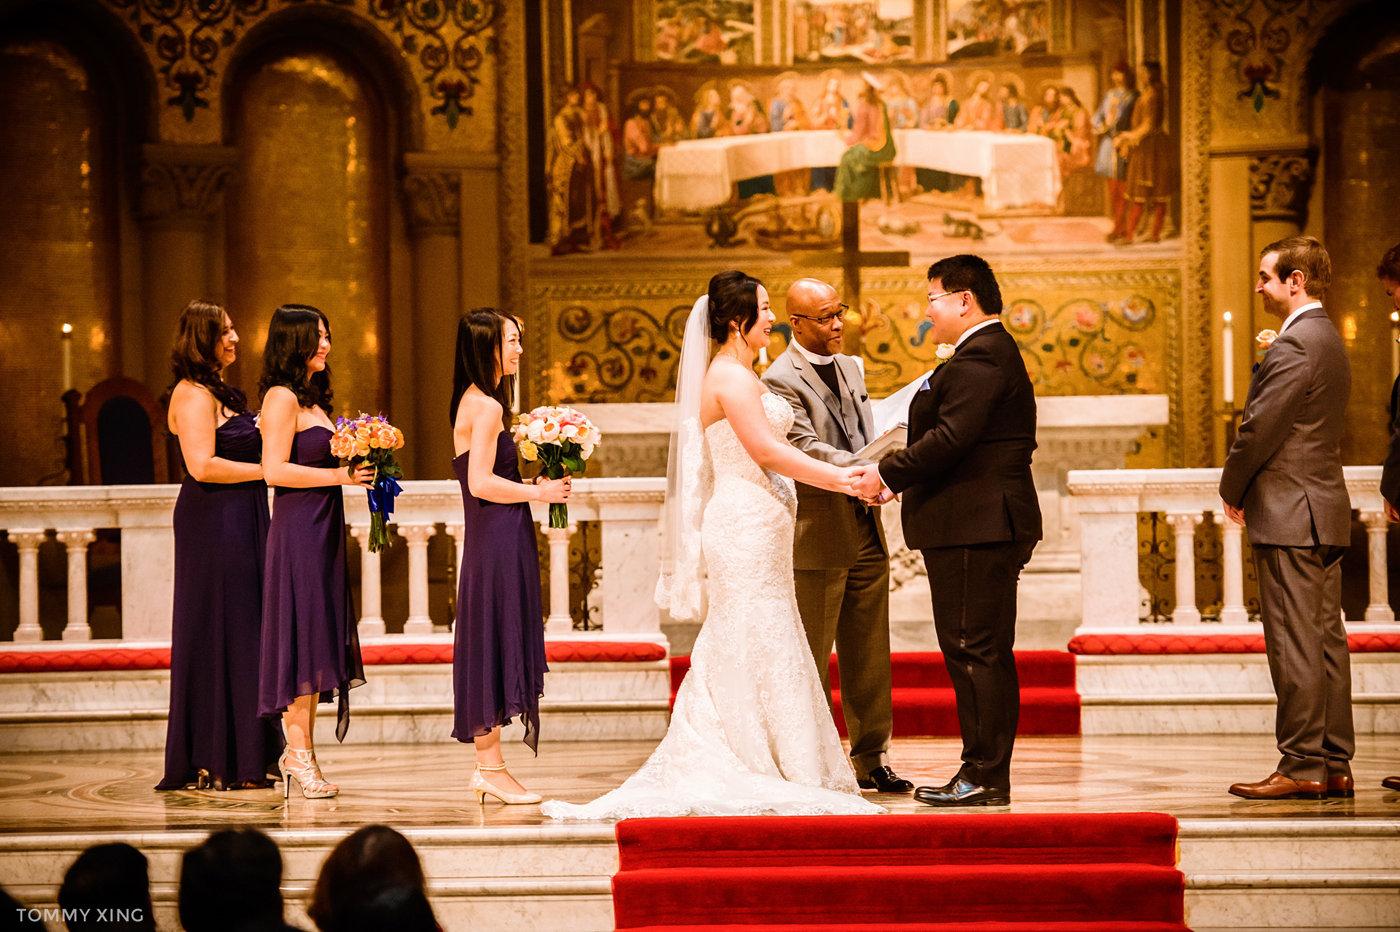 STANFORD MEMORIAL CHURCH WEDDING - Wenjie & Chengcheng - SAN FRANCISCO BAY AREA 斯坦福教堂婚礼跟拍 - 洛杉矶婚礼婚纱照摄影师 Tommy Xing Photography097.jpg
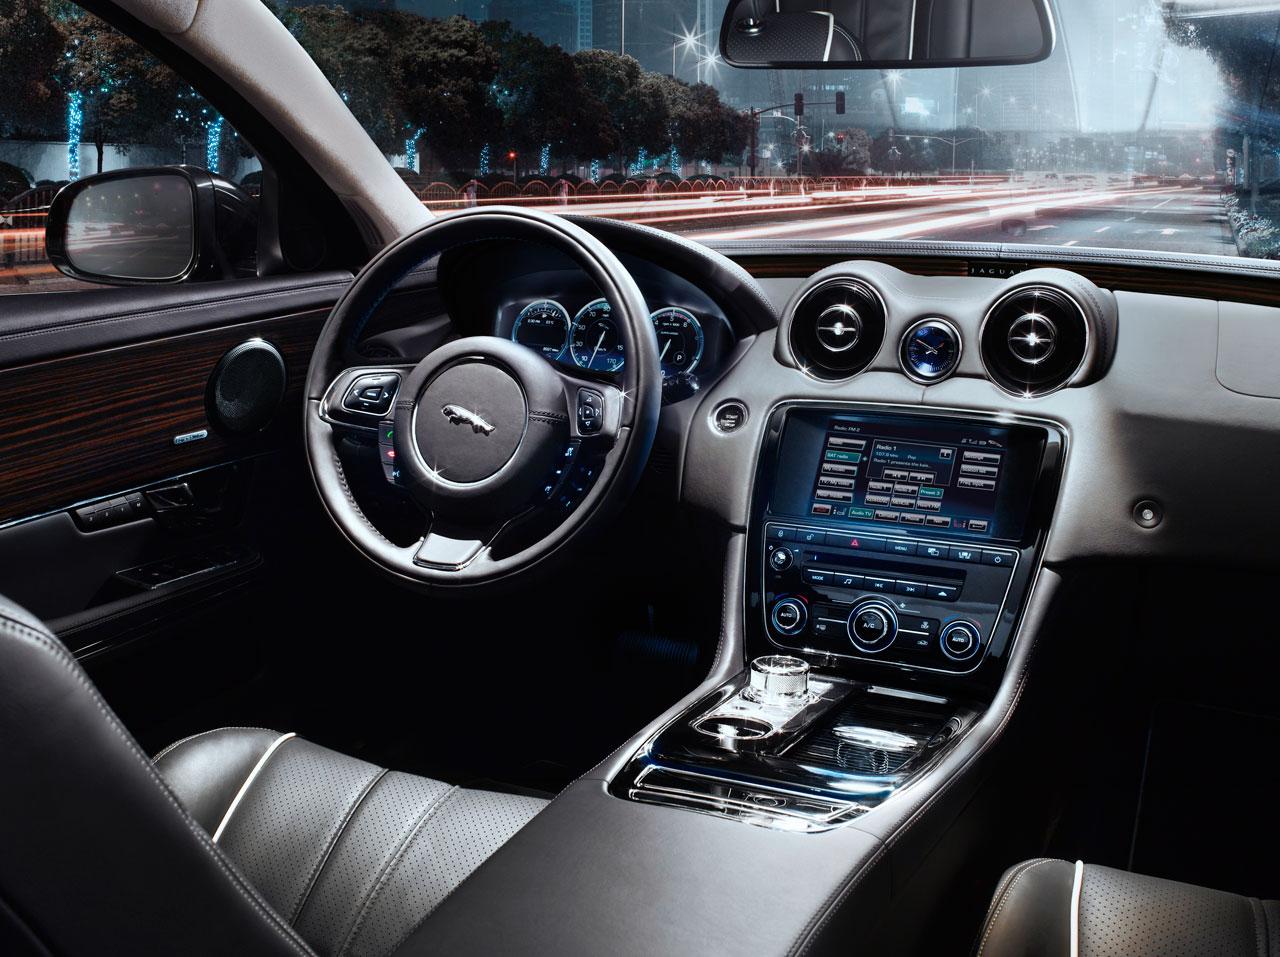 http://4.bp.blogspot.com/-EKh7ww5xV1Y/T6Pcr7V940I/AAAAAAAACQg/_xkTaT1MN-Q/s1600/jaguar+xj+interior.jpg
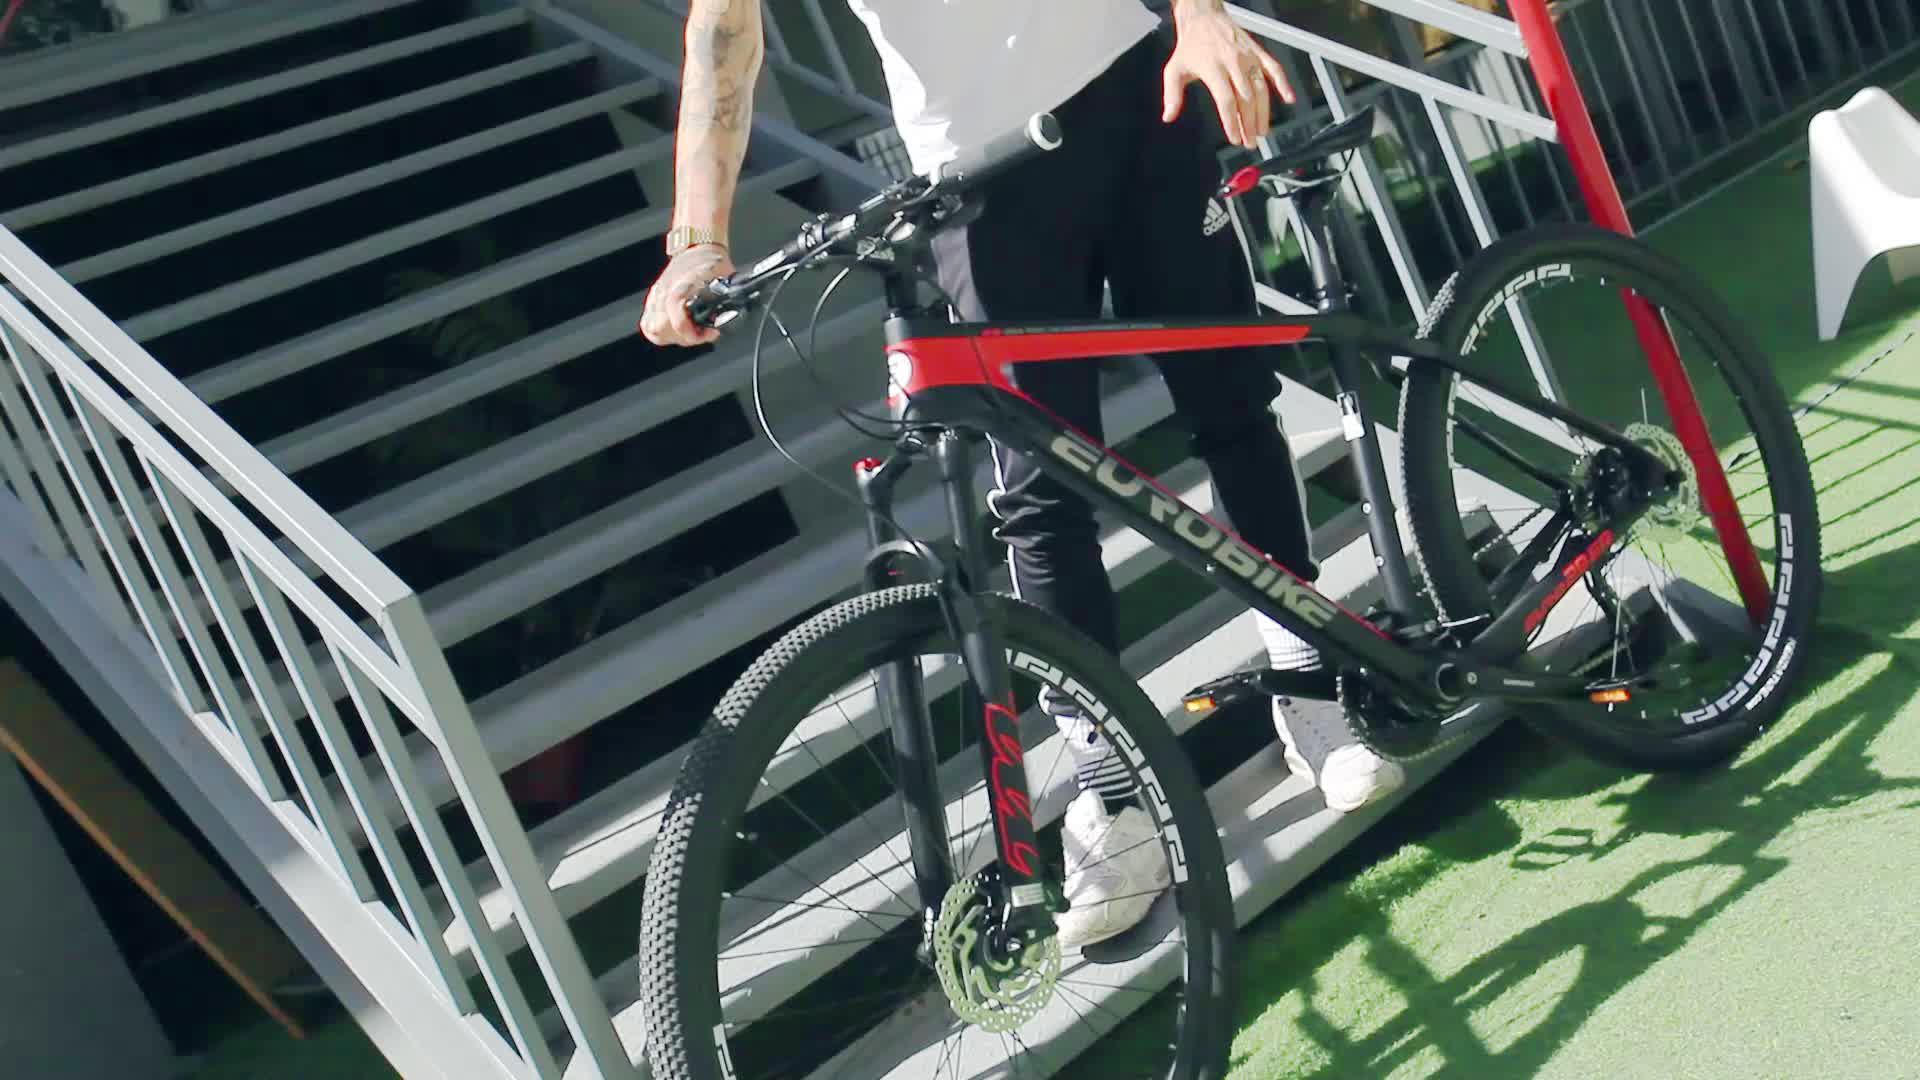 EUROBIKE 2019 Top Selling 700C Alloy Road Racing Bike XC7000 16 Speed Road Bike 60mm Rim/ Cycling / Road Bicycle Made in China
++++++
#### Problem requirements:
Skip the pictures, then return the rest of the data exactly.

#### Finished exercise:
 STANFORD MEMORIAL CHURCH WEDDING - Wenjie & Chengcheng - SAN FRANCISCO BAY AREA 斯坦福教堂婚礼跟拍 - 洛杉矶婚礼婚纱照摄影师 Tommy Xing Photography097.jpg
 http://4.bp.blogspot.com/-EKh7ww5xV1Y/T6Pcr7V940I/AAAAAAAACQg/_xkTaT1MN-Q/s1600/jaguar+xj+interior.jpg
 EUROBIKE 2019 Top Selling 700C Alloy Road Racing Bike XC7000 16 Speed Road Bike 60mm Rim/ Cycling / Road Bicycle Made in China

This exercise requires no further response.